When the secret police came for her, Cigar Dream hid her. He stuffed her under the loose floorboards in his office, and then had an Equestrian pegasus friend fly her to Ponyville, with her transformed into a book in his saddlebags. He never saw her again, but he hoped she was okay.

Years later, when the war was over, Cigar thought about going back to Equestria. He was a well-respected expert in his field, and his practice in the Crystal Empire had done very well, but it didn’t hold the charm for him it once did. He was single well into his forties, but he entertained the thought that he might find an earth pony wife yet.

He was sitting in his chair, smoking and considering the thought, when there came a knock at his door. Two crystal ponies were there, each dressed in identical camouflage uniforms. Their expressions were hard, and they carried weapons. “You will come with us now,” one of them said.

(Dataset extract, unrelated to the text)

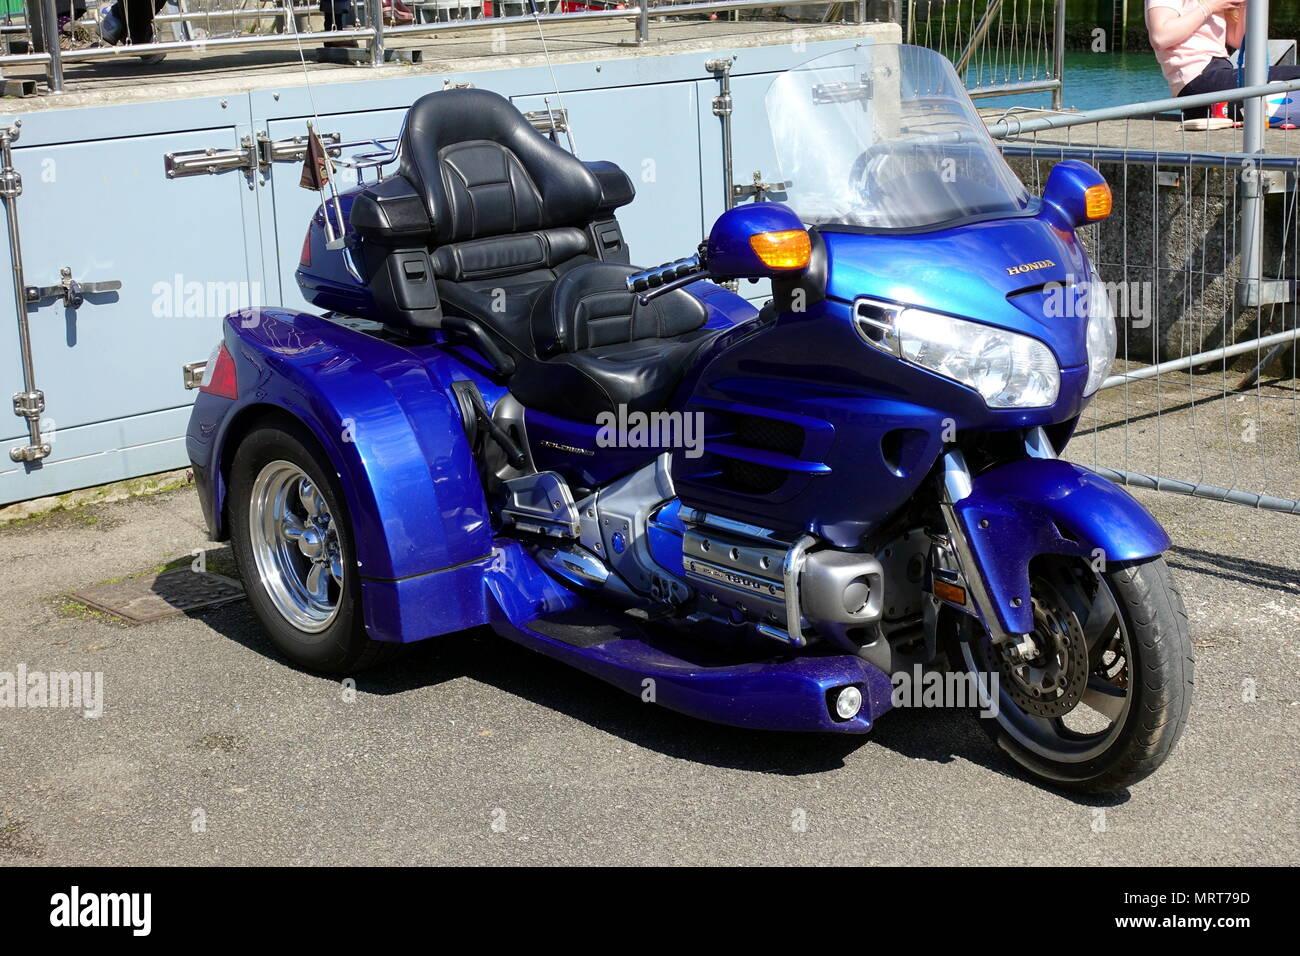 Honda Goldwing Trike Stockfotos Honda Goldwing Trike Bilder Alamy

For a long moment, he stared at them. The smoke from his cigar curled up into the air. His dreams of finally meeting the right mare faded before his eyes.

“Finally caught me, did you?” he asked.

The two crystal ponies didn’t answer. They grabbed him by the shoulders and shoved him into the back of a waiting carriage.


The carriage had poor suspension. In the back, Cigar Dream felt every bump in the road. He hoped it wasn’t a long ride to wherever he was going to be killed.

He passed the time analyzing his own emotional reactions. He’d seen so many patients struggling to cope with death. Now that it was his turn, he felt almost disappointed his state wasn’t more dramatic.

But as he analyzed, he realized that the quality of the road under the carriage was improving. They were not headed out into the countryside, but into the uptown, where the roads were made of solid quartz and polished smooth. The carriage pulled to a halt, and the two ponies pulled him from the back.

He was outside the Crystal Palace. A wall that did not used to be there surrounded the entire square, protecting the Crystal Heart. It was topped with barbed wire, and manned around the clock by hundreds of guards. The palace itself, once an elegant spire, had been turned into a fortress. Weapons bristled from every balcony and battlement, and squadrons of pegasi circled it at all times, mindful for threats from above.

They brought him inside, to a series of rooms that seemed to be a luxurious apartment. There they sat him down, and told him to wait.


Flurry Heart arrived an hour later.

Her official title was the Warrior Princess of the Crystal Empire, but many ponies simply called her the Alicorn of War. She was eternally eighteen, no child, but a warrior captured at the moment of her greatest vigor. She had the strength of an earth pony knight, the agility of a pegasus raider, and the arcane power of a great mage. And she was armed.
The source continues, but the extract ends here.